Tag Archives: Business Philosophy

Ethics: the Conscience of Every Business

John Platania asked:

At the foundation of every business is a philosophy, a conscience if you will; businesses cannot function without these. This applies to both online and offline businesses. What drives the conscience of a business, however, is a set of rules that everyone knows and follows. These rules, or ethics, are considered obligatory and reflect not only laws pertaining to any given field and business in general, but also a sense of fair-mindedness and civility regarding proper conduct and the treatment of others—especially customers.

The thing with ethics is that entrepreneurs, and even the patrons themselves, must stay abreast of all applicably codes of conduct, written and implied, as well as the needs and preferences of their respective societies. A customer’s freedom to make informed choices regarding the businesses with whom they deal allows everyday interactions to become mutually beneficial to everyone involved. Ignorance is bliss, the saying goes, but not in the business world. How people conduct themselves reflect this. Shoppers, for instance, are not likely to feel confident by the judgement of businesses representatives who have no idea how to answer their questions or service them properly and satisfactorily. No one benefits from this, and both the customer and the business suffers.
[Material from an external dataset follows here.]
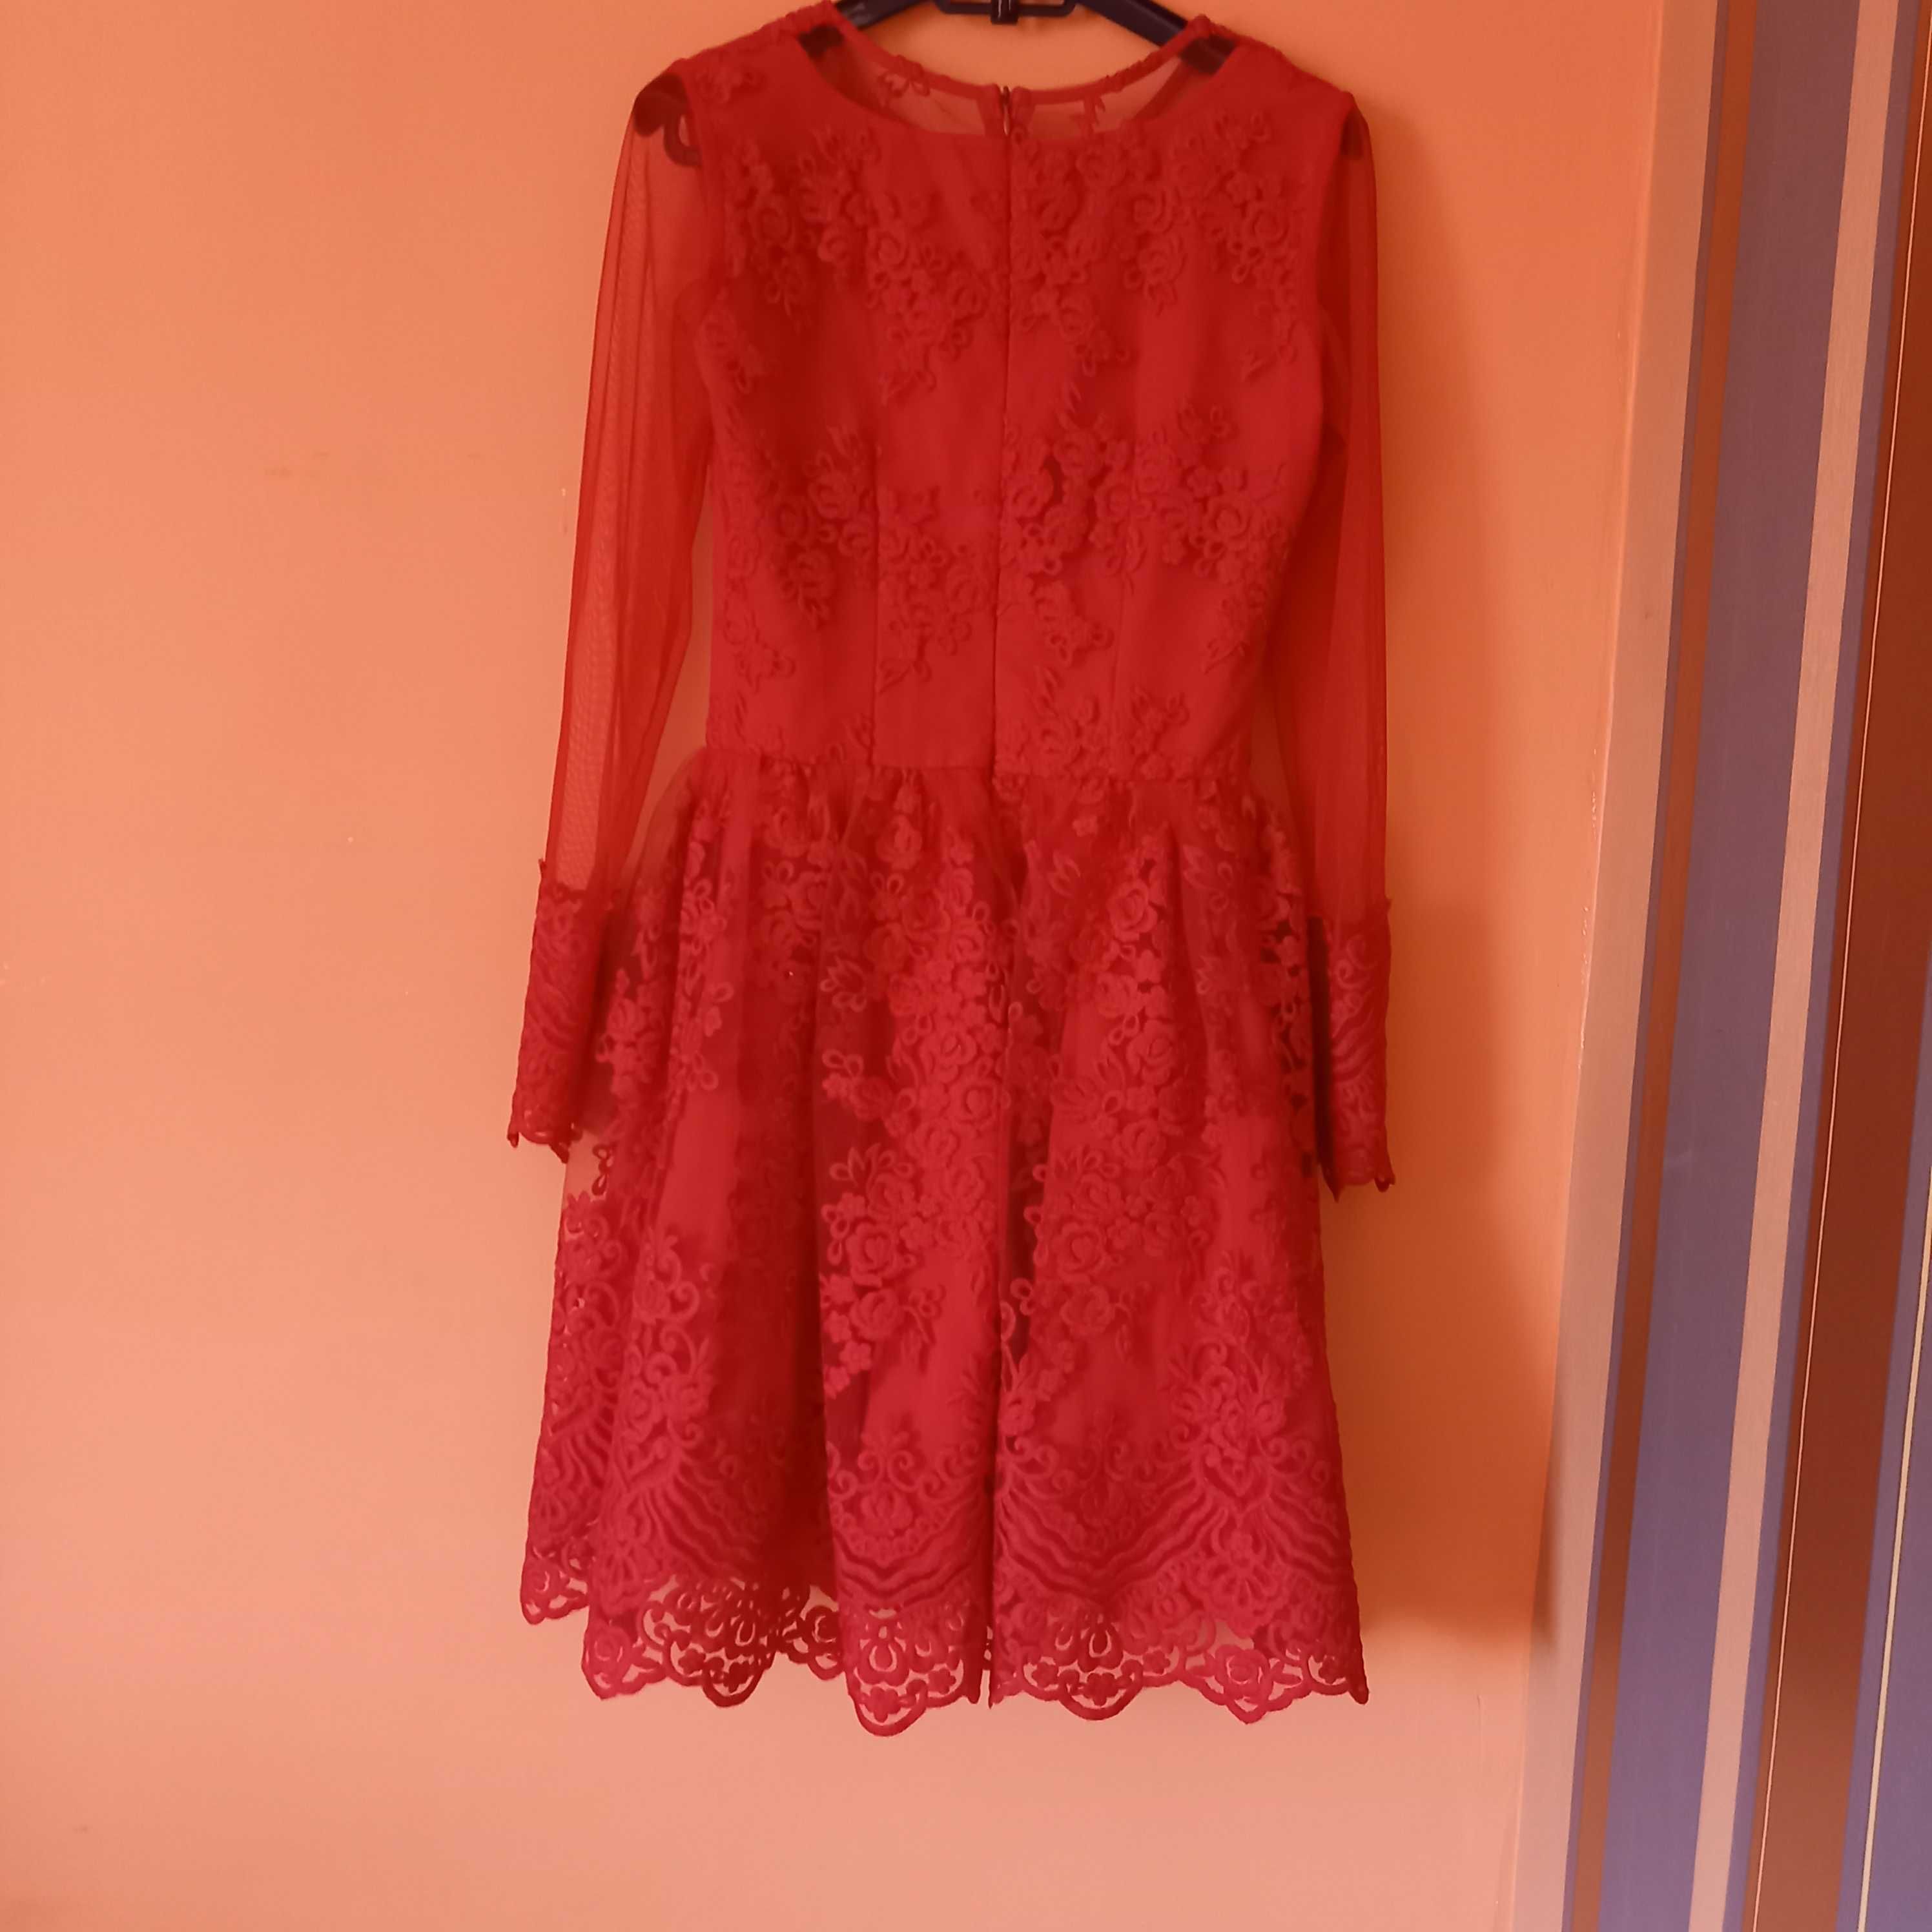 czerwona koronkowa sukienka S

Lying and “winging it” don’t cut it, as that shows a blatant disregard and disrespect toward others and will hurt everyone; having and dispensing correct and up-to-date knowledge on merchandise and service will guarantee success.

As far as marketing goes, fair and equitable prices go a long way. Although quite a few entrepreneurs insist that higher prices bring greater profit, shoppers will gravitate to other markets where the merchandise they want can be obtained at a far cheaper cost. People like to save, and even though many might be desperate at times, they are drawn to low prices and bargains. Business persisting with merchandise in the higher price range eventually fail as a result. Comparing prices between competitors, not to mention doing research on what people are typically willing and able to spend on certain products, ensures that business representatives provide satisfactory service for the public. In the end, operations win favorable appraise and profits grow considerably.

At the heart of all this is honesty. Someone lied—it isn’t a crock. Being truthful, sincere, straightforward and genuine with others, and offering quality merchandise and service is always the best way to go. This is because shoppers return where they are appreciated and welcome, where they trust those who provide what they want and need, without hassle or complaining. The public might be uninformed regarding some things, but people are not stupid and do not tolerate being treated as if they are. Deception eventually comes to light, and businesses (and shoppers) who deal in such practices are subject to legal penalties and irreparably scrupulous reputations.

Ethical situations abound every day, which is why proper conduct can quite often be sticky. Being up on what these “rules” are is crucial for creating an atmosphere that is acceptable and pleasing. Terms like “trust,” “honesty,” “positive image” and “mutual respect” are involved for a reason; they are not only plastic words for describing an ideal world—they denote a social and economic way of life.